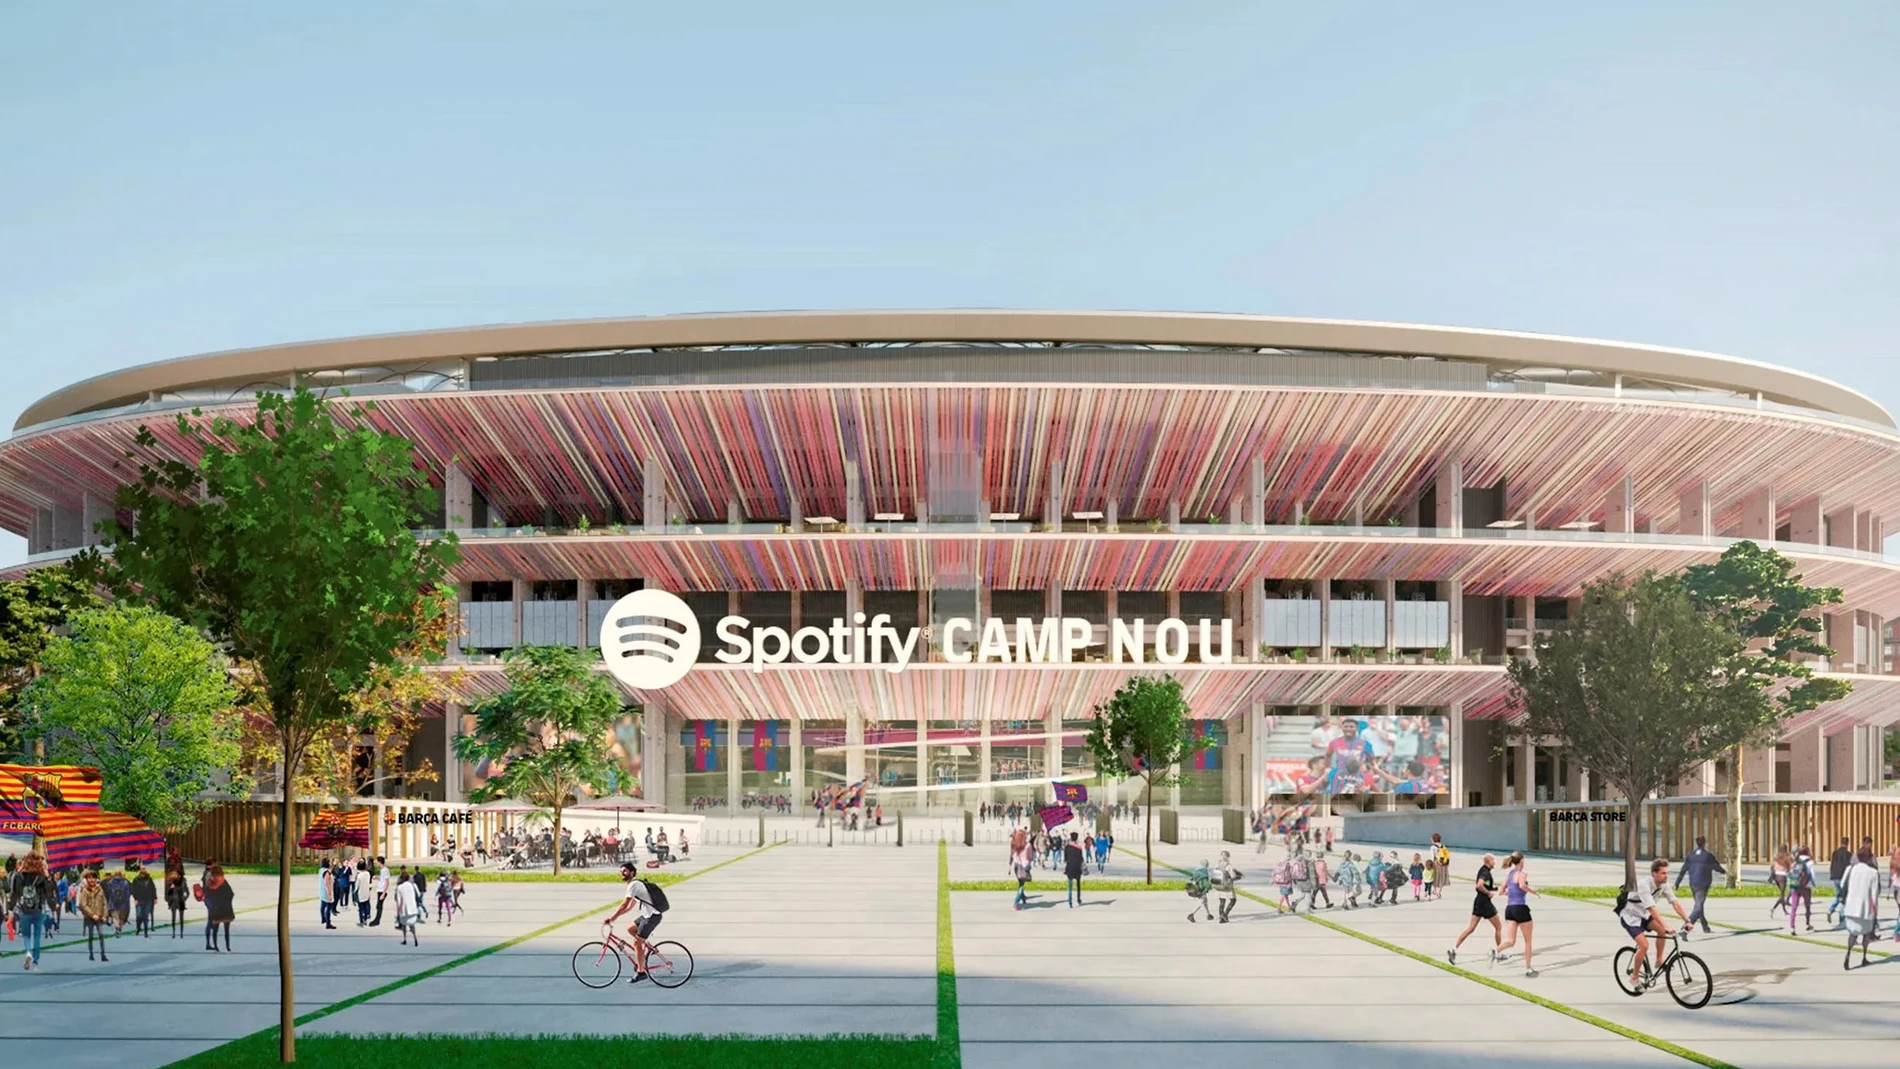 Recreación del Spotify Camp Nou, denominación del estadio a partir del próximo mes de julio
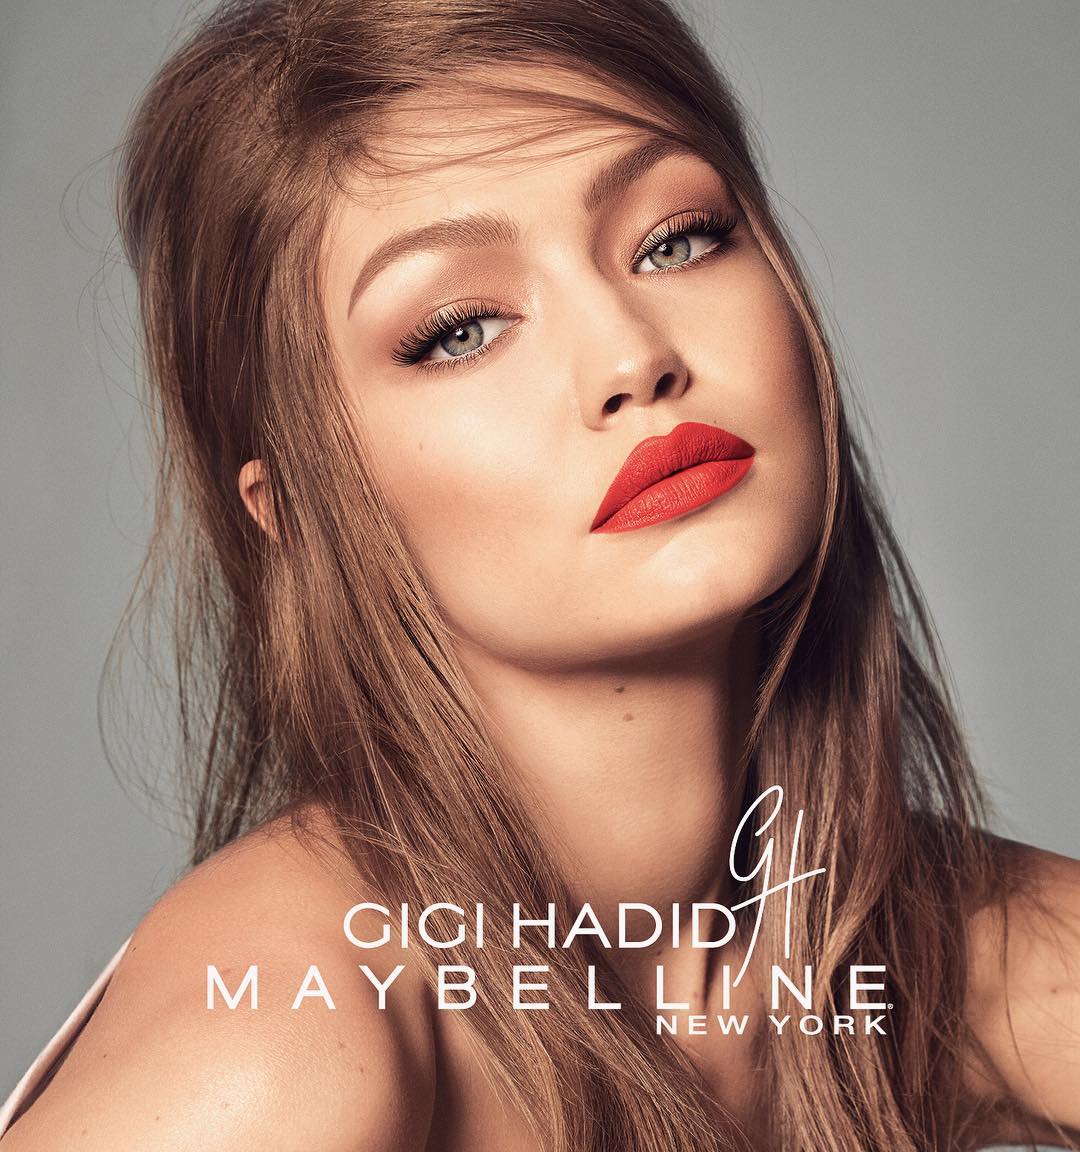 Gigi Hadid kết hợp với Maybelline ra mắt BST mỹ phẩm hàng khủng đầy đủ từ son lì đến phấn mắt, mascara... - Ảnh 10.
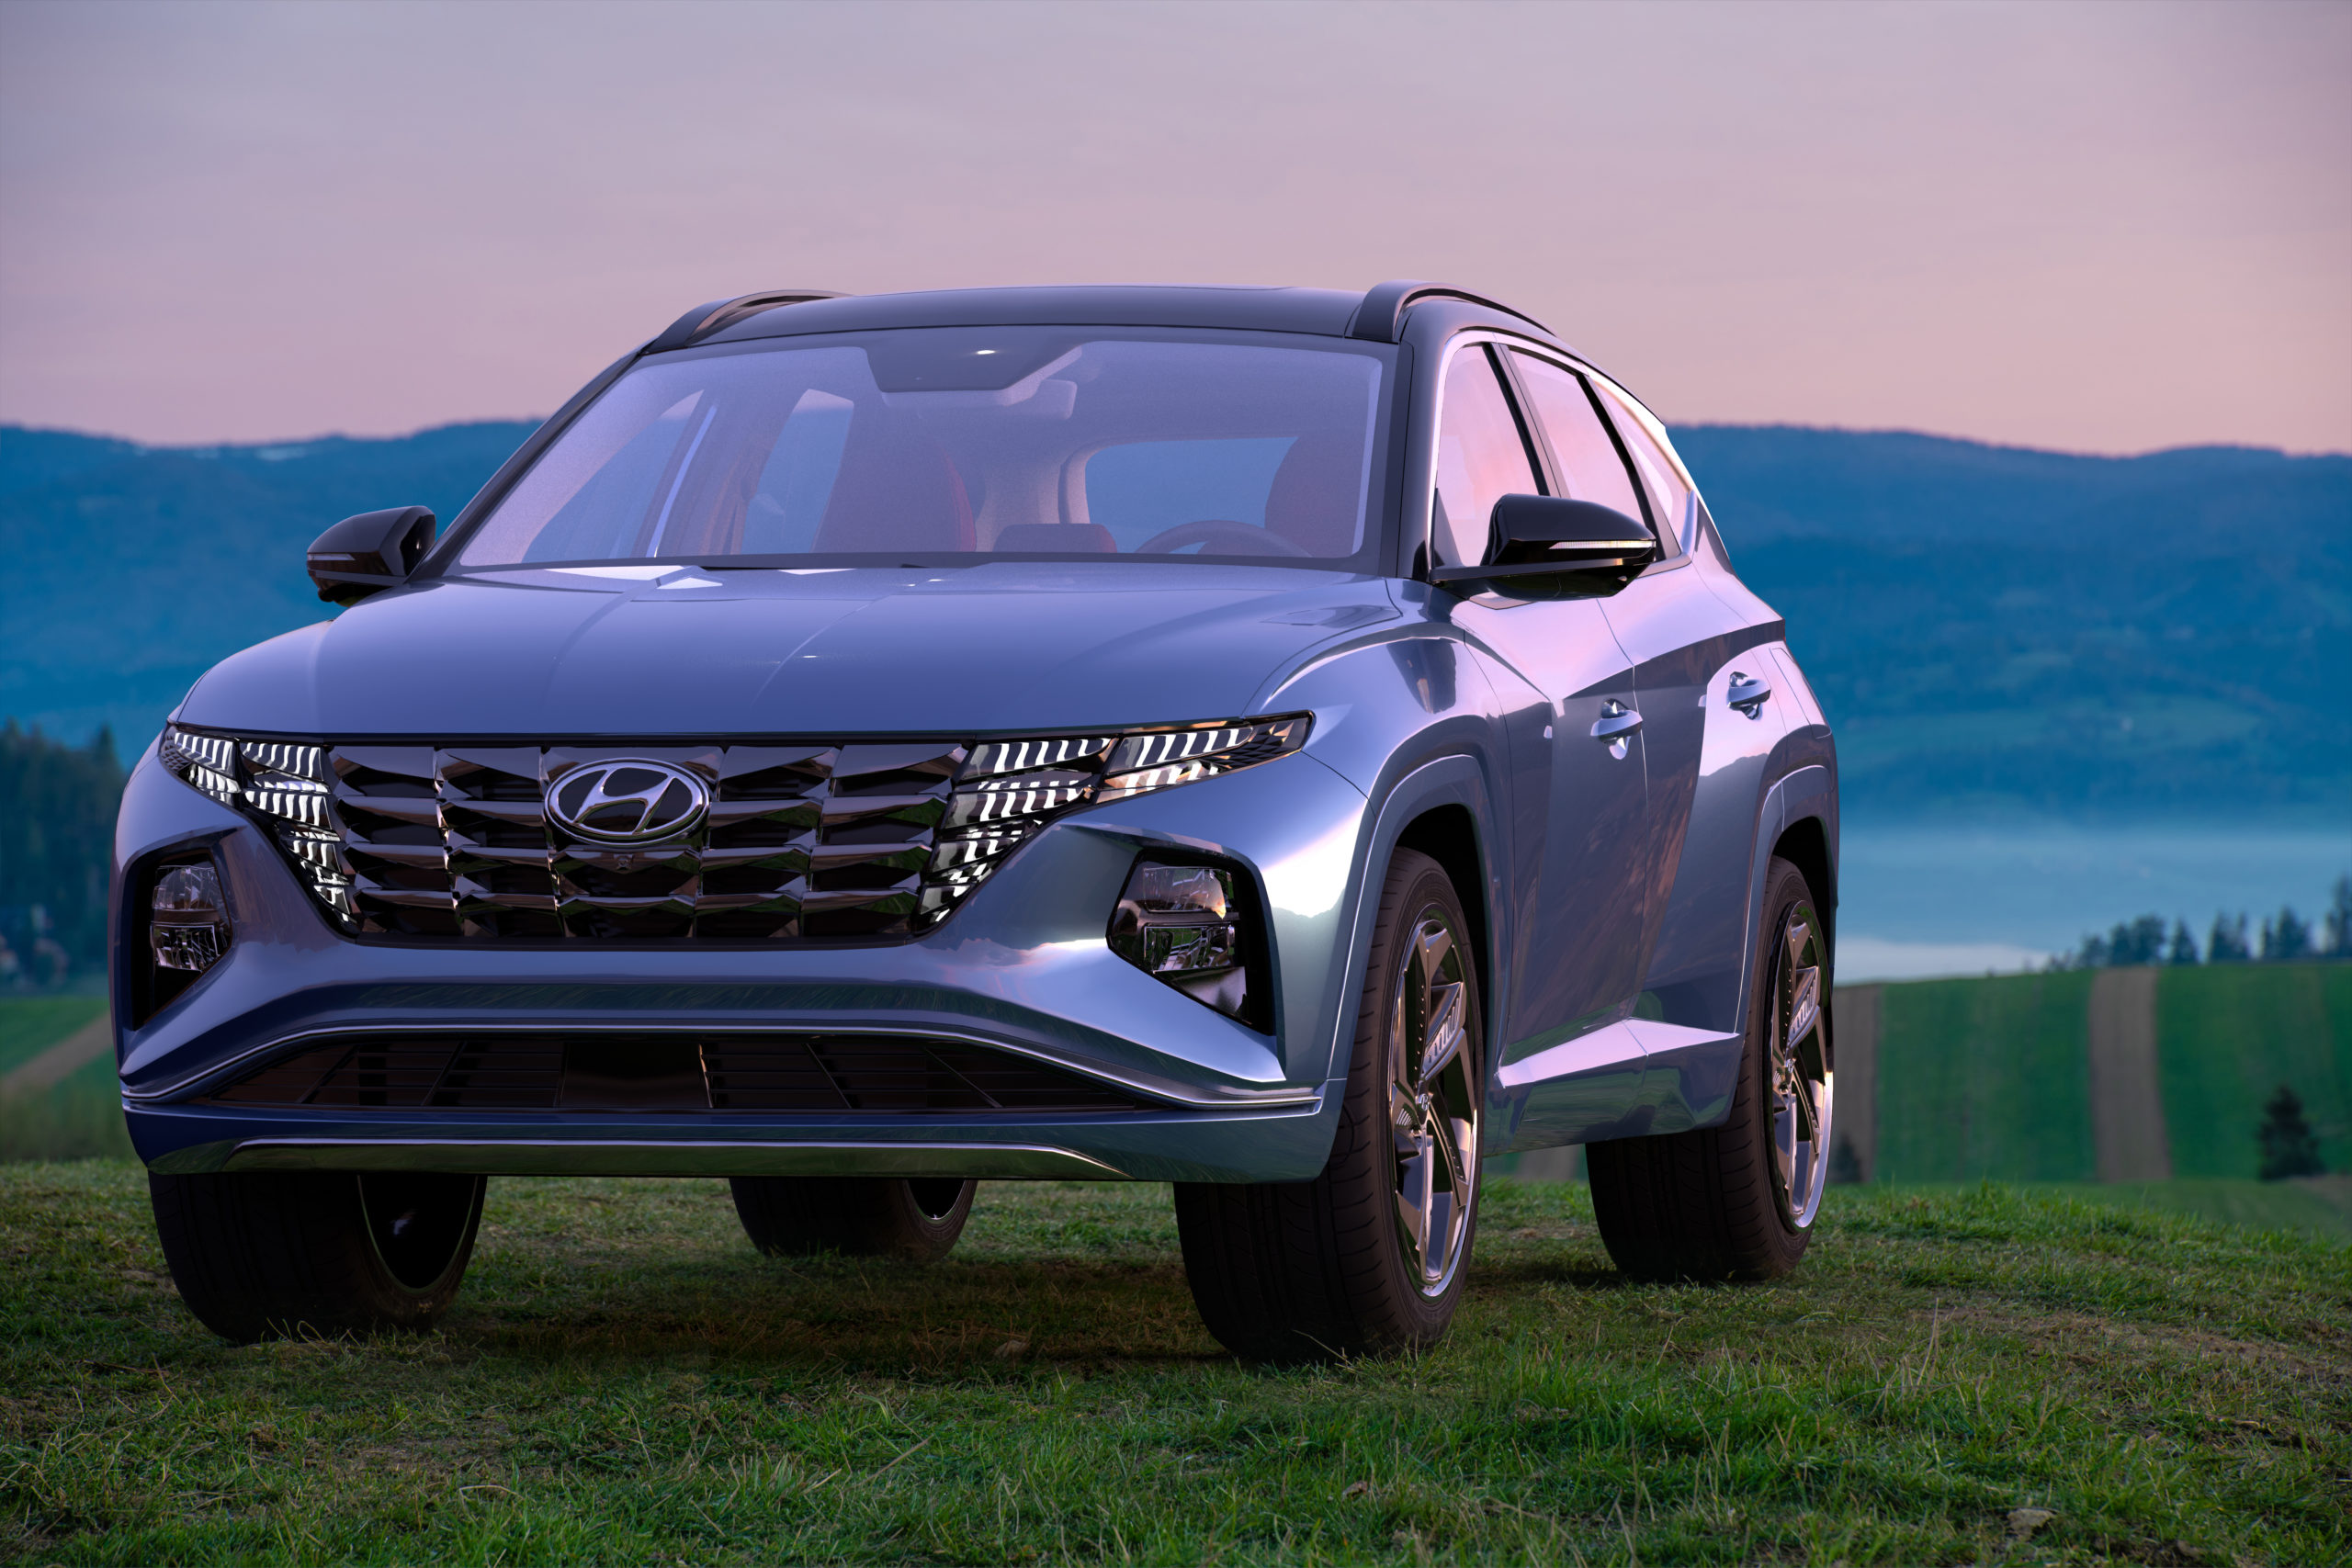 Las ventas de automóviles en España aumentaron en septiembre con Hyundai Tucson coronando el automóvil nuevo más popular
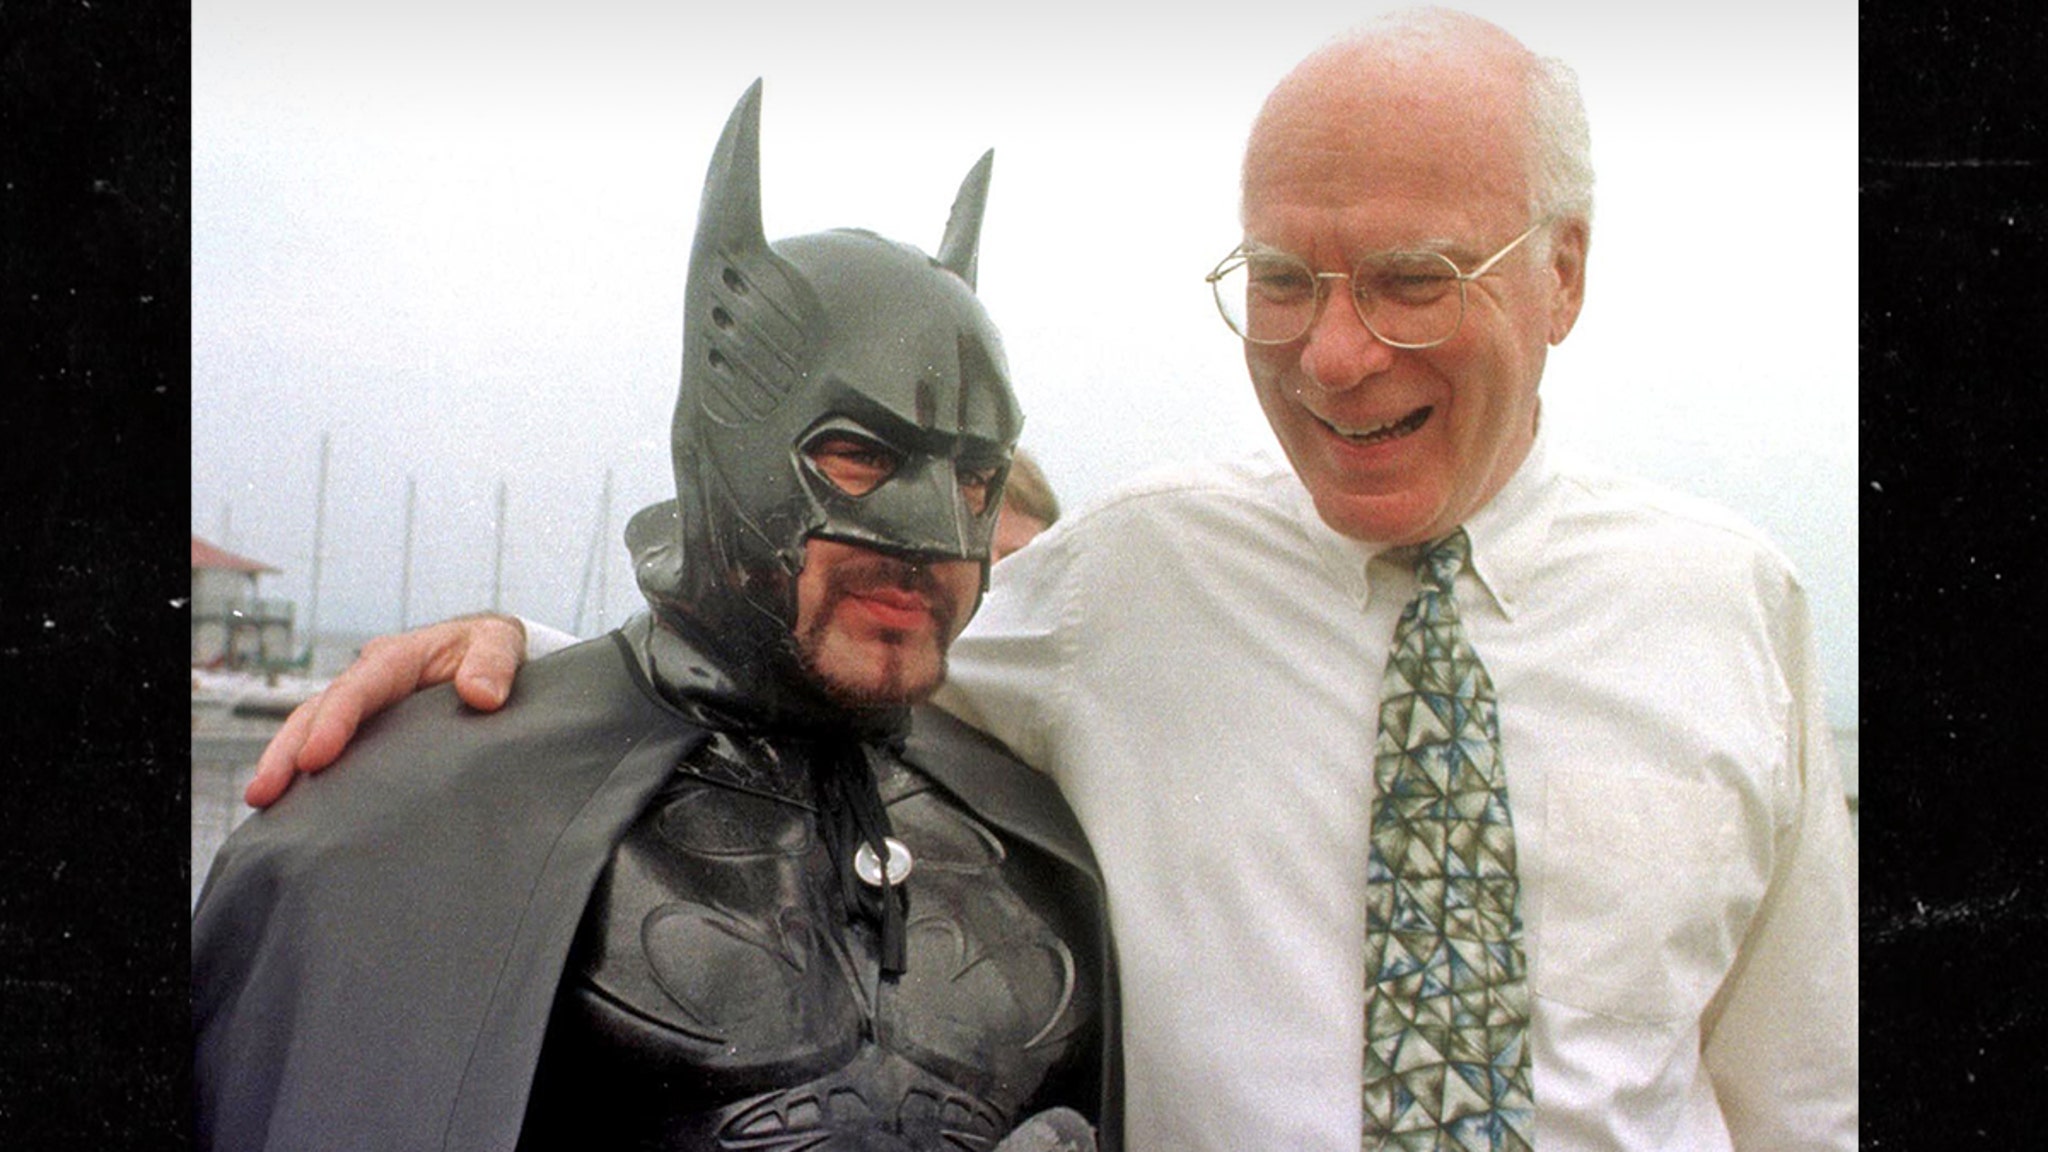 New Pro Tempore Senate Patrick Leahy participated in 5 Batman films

▶ **Problem description**:
Your copy should match the data above exactly, apart from the pictures.

▶ **Response**:
 Recreación del Spotify Camp Nou, denominación del estadio a partir del próximo mes de julio
 Gigi Hadid kết hợp với Maybelline ra mắt BST mỹ phẩm hàng khủng đầy đủ từ son lì đến phấn mắt, mascara... - Ảnh 10.
 Las ventas de automóviles en España aumentaron en septiembre con Hyundai Tucson coronando el automóvil nuevo más popular
 New Pro Tempore Senate Patrick Leahy participated in 5 Batman films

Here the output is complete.